# New Bunny from TSC



## midwestchickenwrangler (Mar 8, 2011)

I picked up what I think is a lionhead last night. I want to have confirmation, however I can't post any pictures since I'm a new member. Any suggestions?


----------



## ksalvagno (Mar 8, 2011)

You just have to post over 10 times.


----------



## midwestchickenwrangler (Mar 8, 2011)

Ok thanks.


----------



## samanthaj (Mar 8, 2011)

just keeping posting,i think even replies count! thats what i did when i was new!!


----------



## dewey (Mar 8, 2011)

Yep  they count.  You could also go to tinypic, upload the photo from your computer, then post just the tinypic link to it here, where we can click on it and see your new bun.


----------



## midwestchickenwrangler (Mar 8, 2011)

I used tinypic. Can anyone confirm that he is a lionhead? And what color?
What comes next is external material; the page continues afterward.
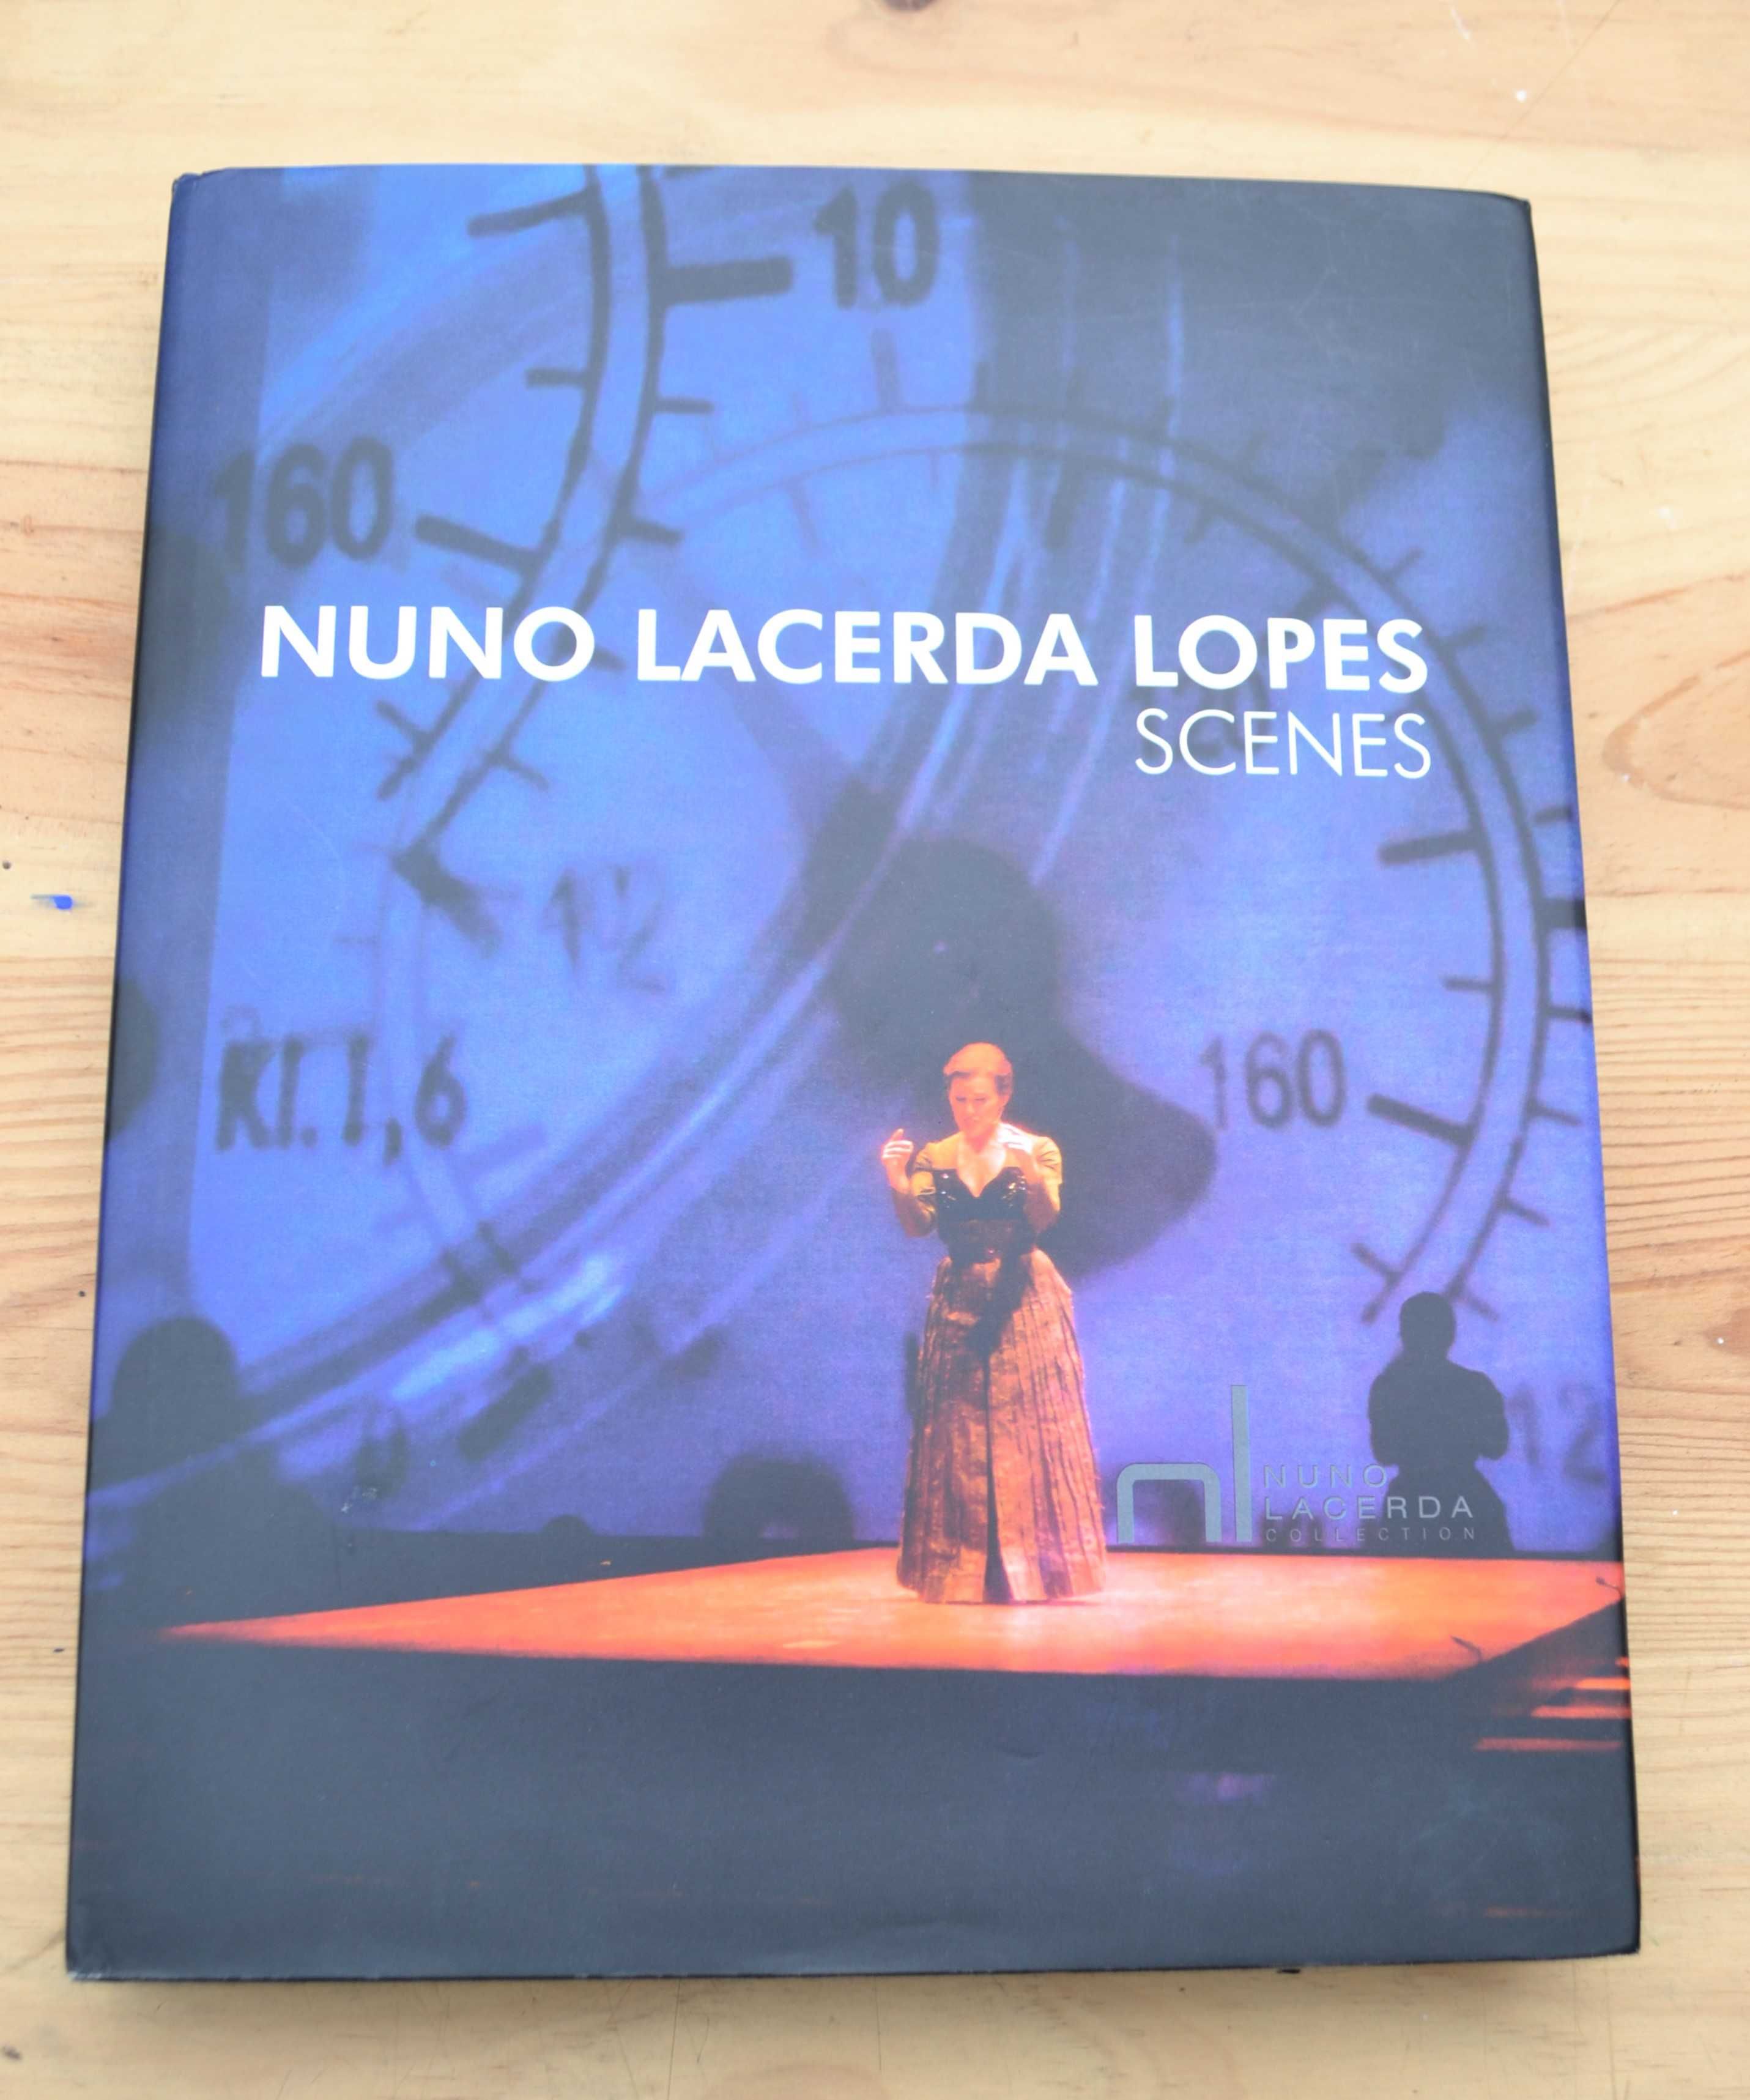 Nuno Lacerda Lopes. Scenes
.

http://i51.tinypic.com/28a8htc.jpg


----------



## dipence71 (Mar 8, 2011)

looks like a lion head to me but I'm no expert


----------



## norcal (Mar 8, 2011)

How adorable.      teehee


----------



## michelle43 (Mar 8, 2011)

Cute!


----------



## dbunni (Mar 9, 2011)

dipence71 said:
			
		

> looks like a lion head to me but I'm no expert


  Yep ... Lionhead ... pet quality, but definately LH.  Cute baby!


----------



## Bunnylady (Mar 9, 2011)

Yep, Liohead. Siamese Sable.


----------